The judges appear to have sought a compromise by admitting the evidence extracted outside the immediate experience of physical pressure, while making their the statement against such methods by rejecting a one part of those confessions.
Noble perhaps, but the ruling does not exist in a vacuum. The weakening of the prosecution’s case, along with the painfully slow proceedings for a crime committed in 2015, are for many a statement that Israel excuses or doesn’t take seriously murder when committed by Jews, even the slaughter of a sleeping family.
The far right is already leveraging the decision to pull the debate further in its direction. Honenu, an organization that defends Jewish terror suspects, and Jewish Home lawmaker Bezalel Smotrich — berated the court and the Shin Bet. Smotrich argued that the information the judges ruled admissible was also supplied under psychological duress. Shmuel Medad, the head of Honenu, accused the Shin Bet of knowing that confessions were extorted from the suspects because they feared returning “to the torture chamber.” They want all of the confessions thrown out.
For direct supporters of the suspects, the court’s decision risks being perverted, by emboldening the wild-eyed men and boys outside the courtroom on Tuesday who chanted at the dead toddler’s grandfather “Ali has been burned, Ali’s on the grill.”
And following Tuesday’s ruling in favor of the suspects, it’s hard to imagine that Palestinians have not lost all faith in the Israeli legal system entirely — if there was any left at all.
When Israel accuses Palestinians of conflict-related violence, they are tried in military courts with conviction rates upwards of 99 percent. In many other cases, they are simply thrown in prison under “administrative detention,” a form of open-ended imprisonment without any charge or trial.

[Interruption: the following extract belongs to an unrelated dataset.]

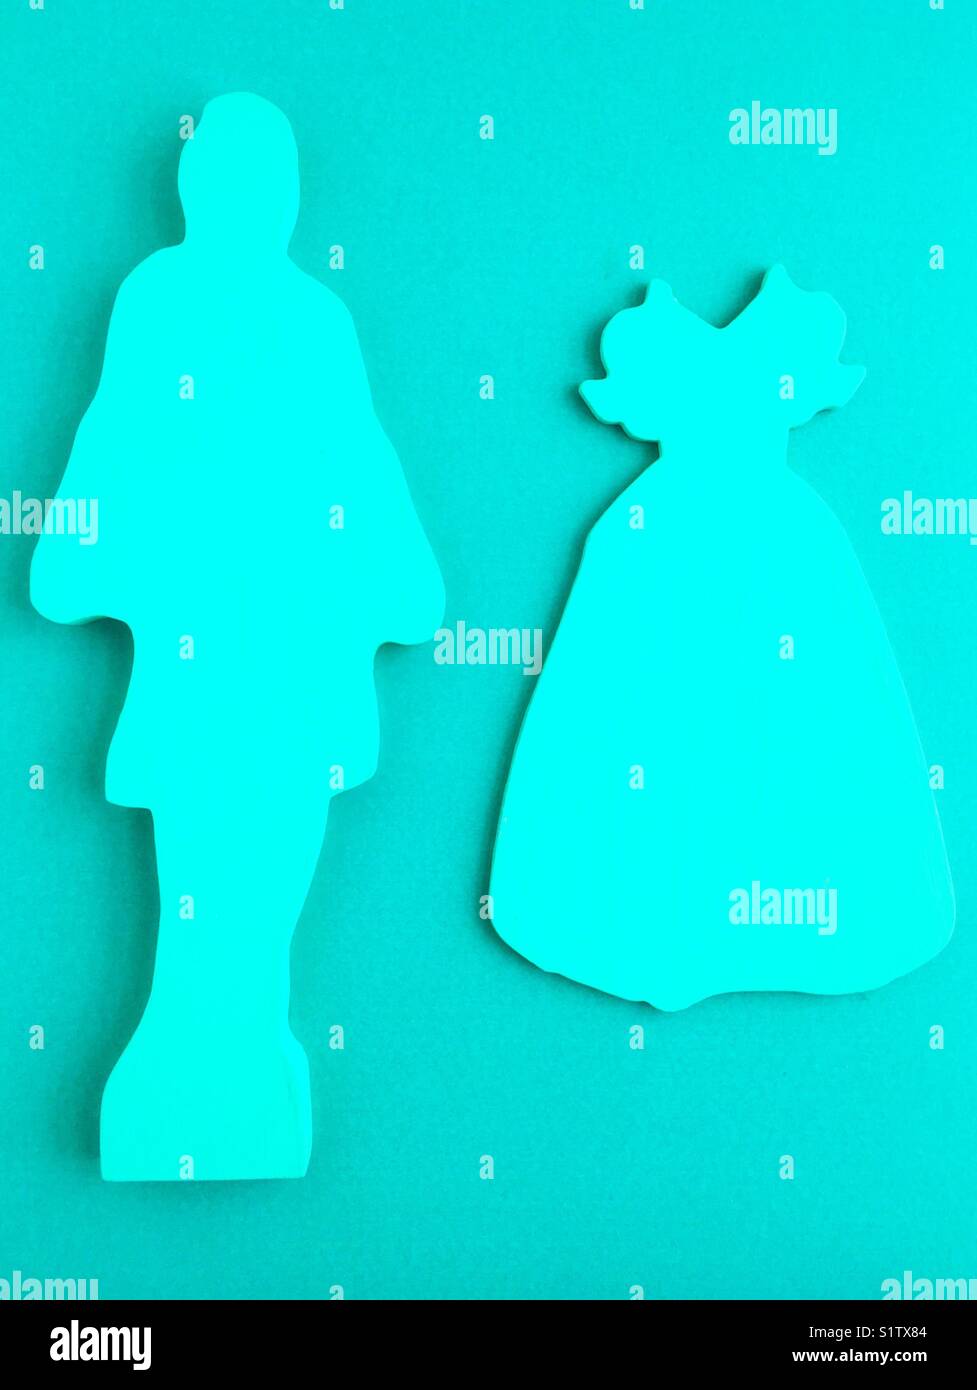 Monochromatic cutout shapes of a woman and a frilly dress. Stock Photo

Juxtapose this with the case of Ahed Tamimi, an unarmed teenage girl currently in prison for slapping a soldier. She was arrested at night, denied bail, swiftly convicted and sentenced to prison, her family members were even arrested. When a trial of Jewish Israelis accused of murder drags on for three years with no justice done, the law becomes a farce.
The Dawabshe family has been attacked again by arson since 2015. They live in permanent terror; they have no security, their loss is not quantifiable and it is collective. Palestinians as a whole will have watched as the Dawabshe case lay dormant and when the issue finally resurfaces, it is to favor the suspects by protecting them from torture, a right Palestinians have been denied collectively for five decades.

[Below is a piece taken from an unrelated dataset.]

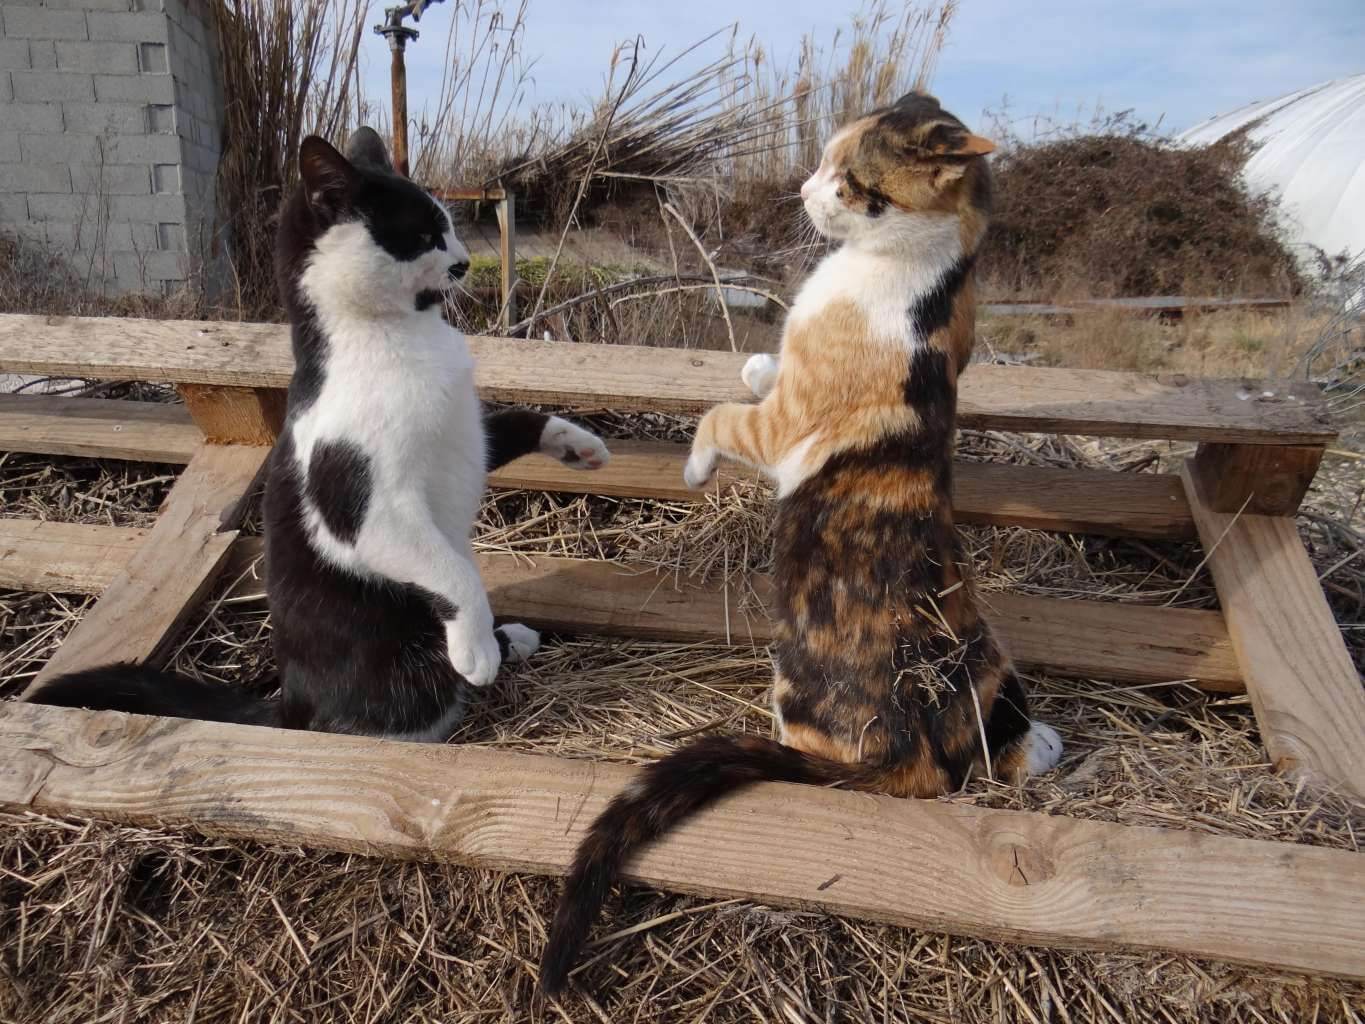  Cats Talking To Each Other

Justice passed on nationalist violence is always fraught with collective and symbolic political anguish. When an Azerbaijani soldier who murdered an Armenian in 2004 – also while the victim slept – was released from a Hungarian prison eight years later and welcomed back in Azerbaijan as a hero, the Armenian community experienced massive outrage. The event significantly damaged already poor levels of trust between the two communities locked in a decades-old bloody territorial conflict.
International war crimes trials against those suspected of committing atrocities during the wars of Yugoslavia in the 1990s were intended to hold perpetrators responsible. But every acquittal sparked outrage among the ethnic group of the victims, leading to grave doubts about the tribunal’s legacy and contribution.
Here is the complicated conclusion: by no means should we conclude that torture should have been permitted. I, too, strive for a justice system that decries torture against all individuals — Palestinian and Israeli suspects alike. At the same time, the putative victory has little meaning in terms of the collective symbolism of justice that such a trial must also provide.
Justice is much less meaningful when it has been done for a community that is bloated by over-privilege, like children sick from too many sweets. For them, no law is good enough unless it is rewritten to give them a free license for anything.